I want be super clear. I never try to time the market. From time to time, though, I can tell when we’re near a bottom or a top, it’s usually the combination of two key factors: Excessive emotions and a significant disconnect from material financial results. At a peak, it’s typically exuberance and degenerate multiples. At a trough, it’s panic selling, especially at multiples that don’t reflect the underlying fundamentals of the business today. Let’s examine the indiscriminate selling first, as I believe it highlights the current market sentiment.
The Panic Selling has become indiscriminate
In the middle of last year, we began to see the start of the software as a service sell off. It made sense to me at the time, as many of these businesses were trading at multiples that did not reflect their fundamentals. 40x earnings for 10% growth? Gross. If a business is priced to perfection, there is no room for flaws in the thesis. The original sell-off was a reasonable and fair re-rating in my opinion.

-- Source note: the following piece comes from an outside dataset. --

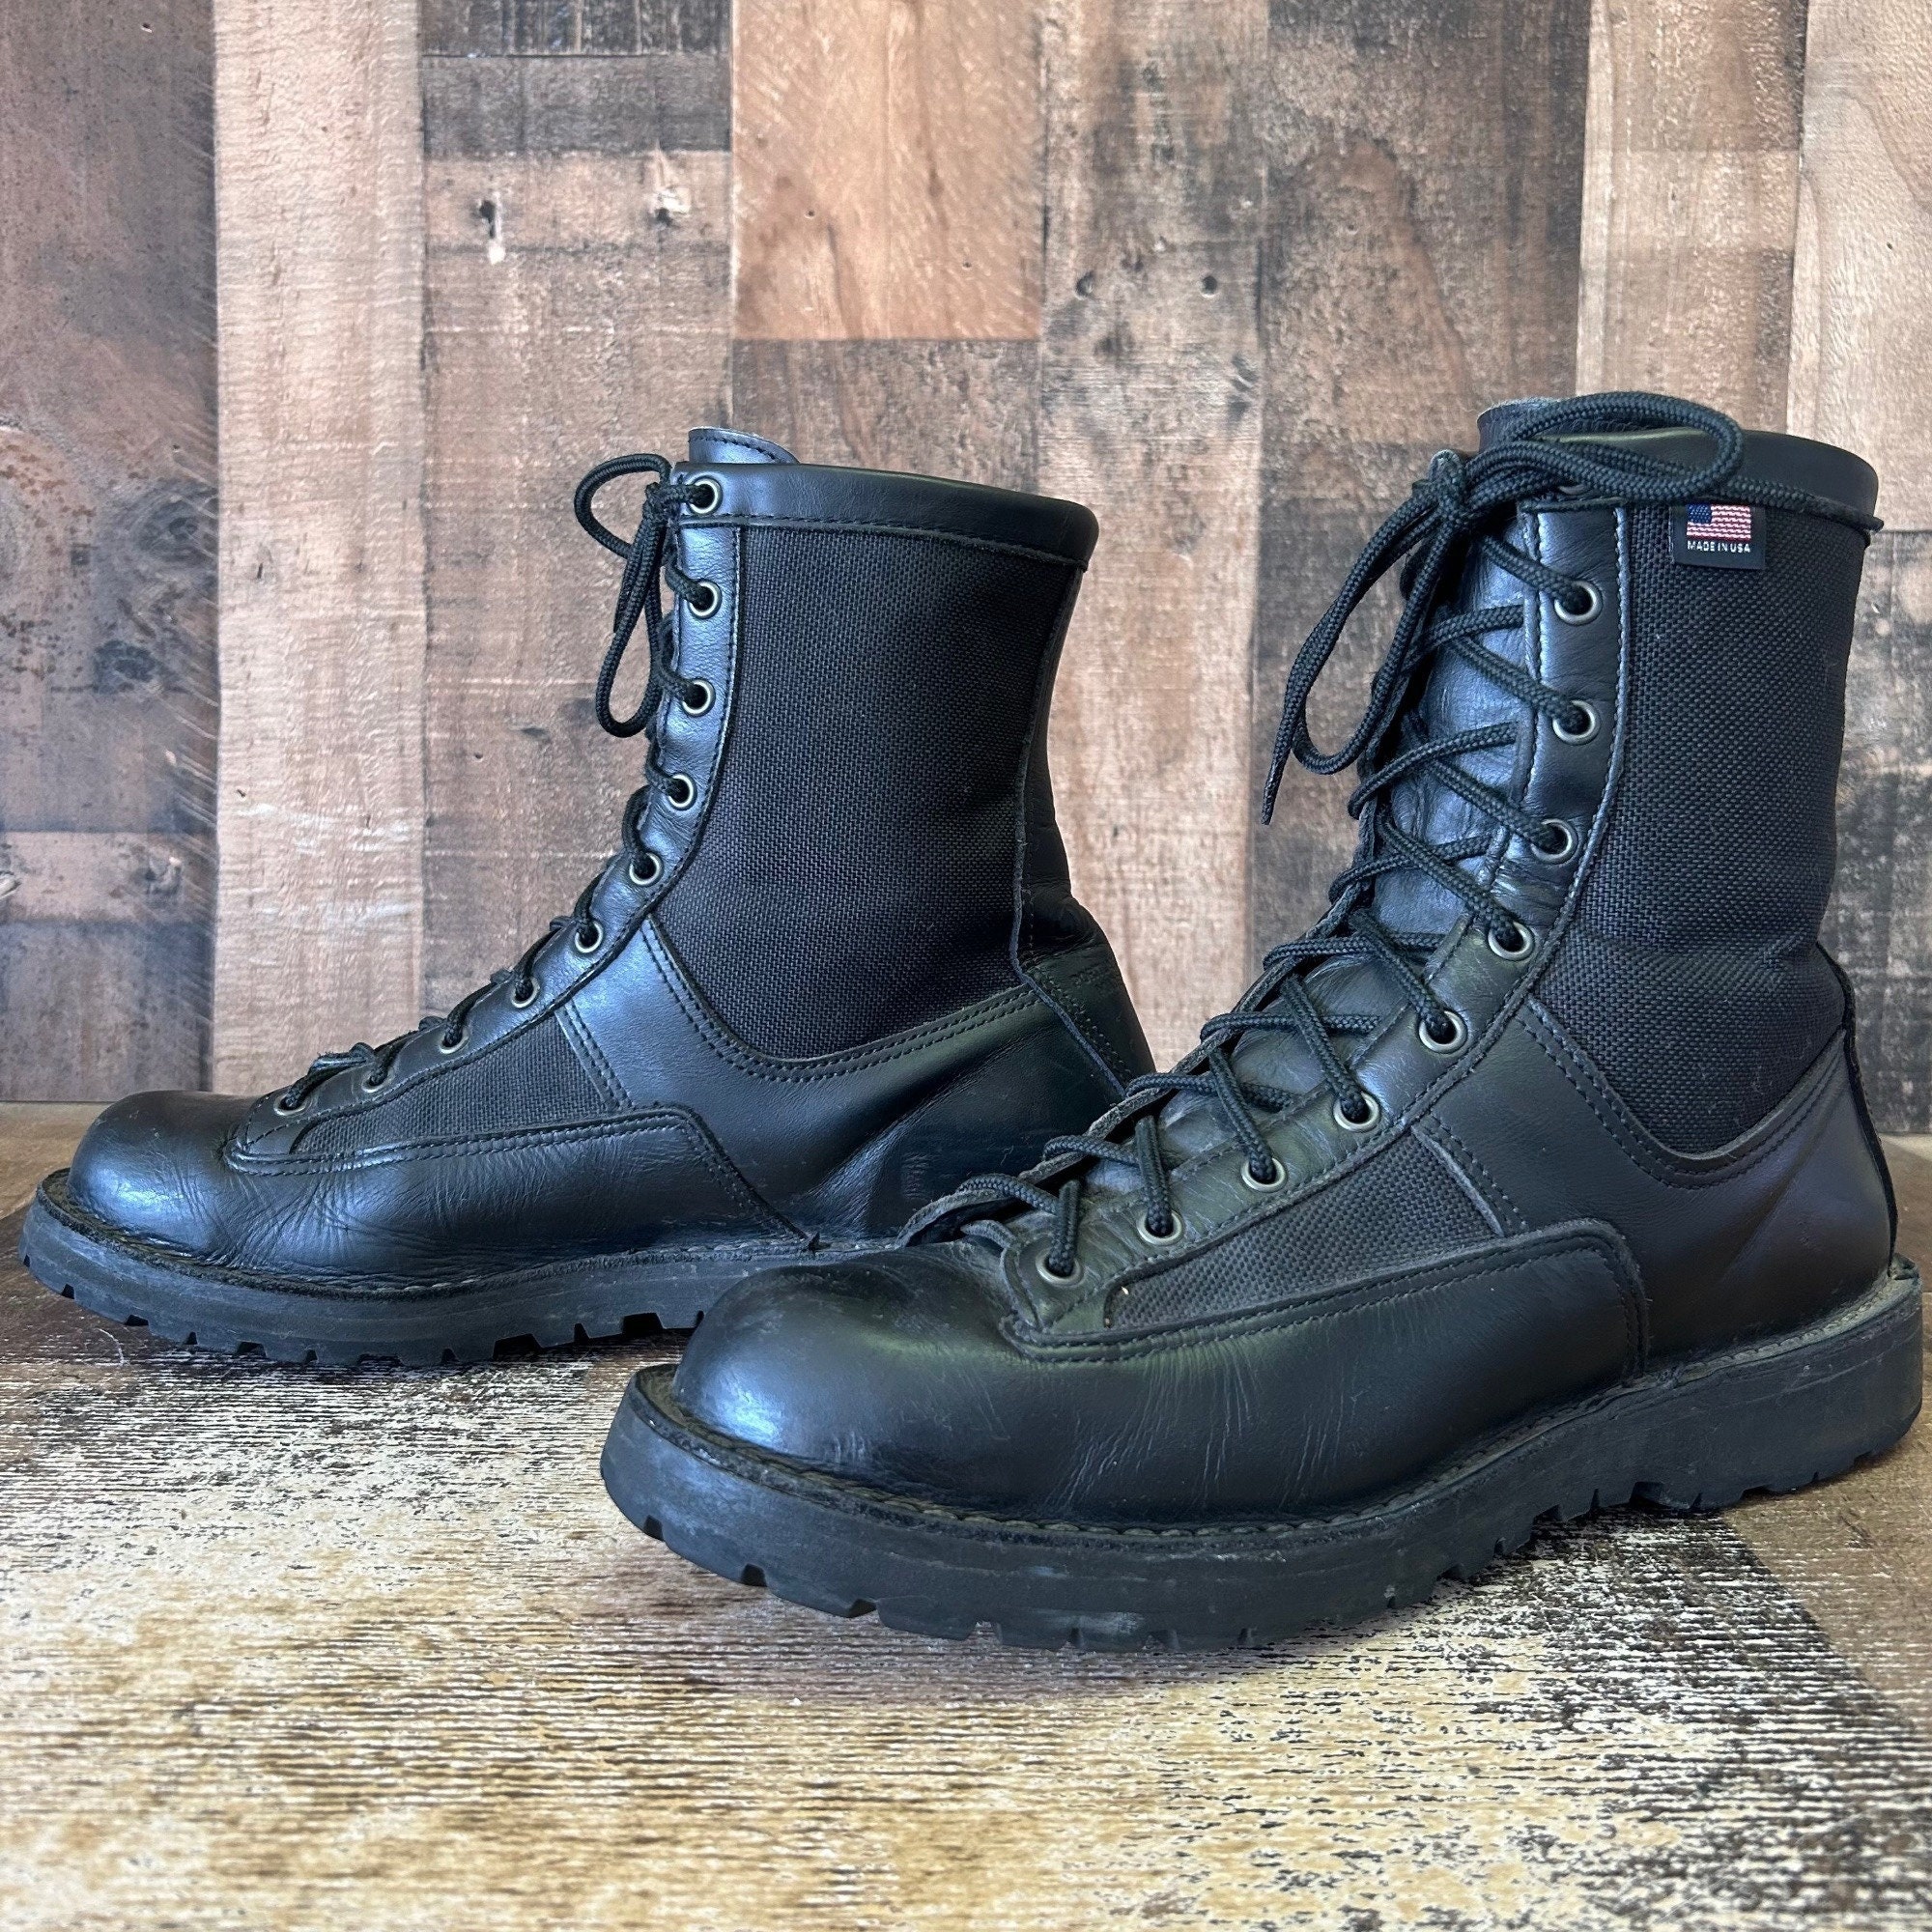 Vintage Danner Boots - Etsy

What’s been surprising to me, though, is that in the last couple of months, we started to see truly indiscriminate selling of businesses that are under zero threat from AI. Take Fair Isaac Corp. (FICO), for example. For those not aware, FICO offers credit scores for anyone trying to take on debt, and they are the industry standard. FICO has been issuing credit scores for decades; as a result, their scores are battle-tested through recessions, pandemics, and wars, etc.
If you issue debt on a FICO score, you have a pretty good idea of how that consumer will fare through any scenario, because FICO scores have a long history of real results. AI can’t replicate that track record; no simulation can substitute for decades of real performance. Additionally, these scores represent a marginal cost relative to the overall underwriting expense when writing the debt. For a mortgage, for instance, it’s less than 0.2% of the total closing cost. Virtually nothing, so there is little incentive to change.
Typically, these loans are collateralized, and if you collateralize a loan in the absence of a FICO score, you lose money immediately. Investors are not paying market rates for debt that hasn’t been rated by the industry standard simply because the underwriting company wants to save $20.
FICO’s moat is not that other companies cannot reproduce their score. Its moat is being embedded as an industry standard, supported by decades of data.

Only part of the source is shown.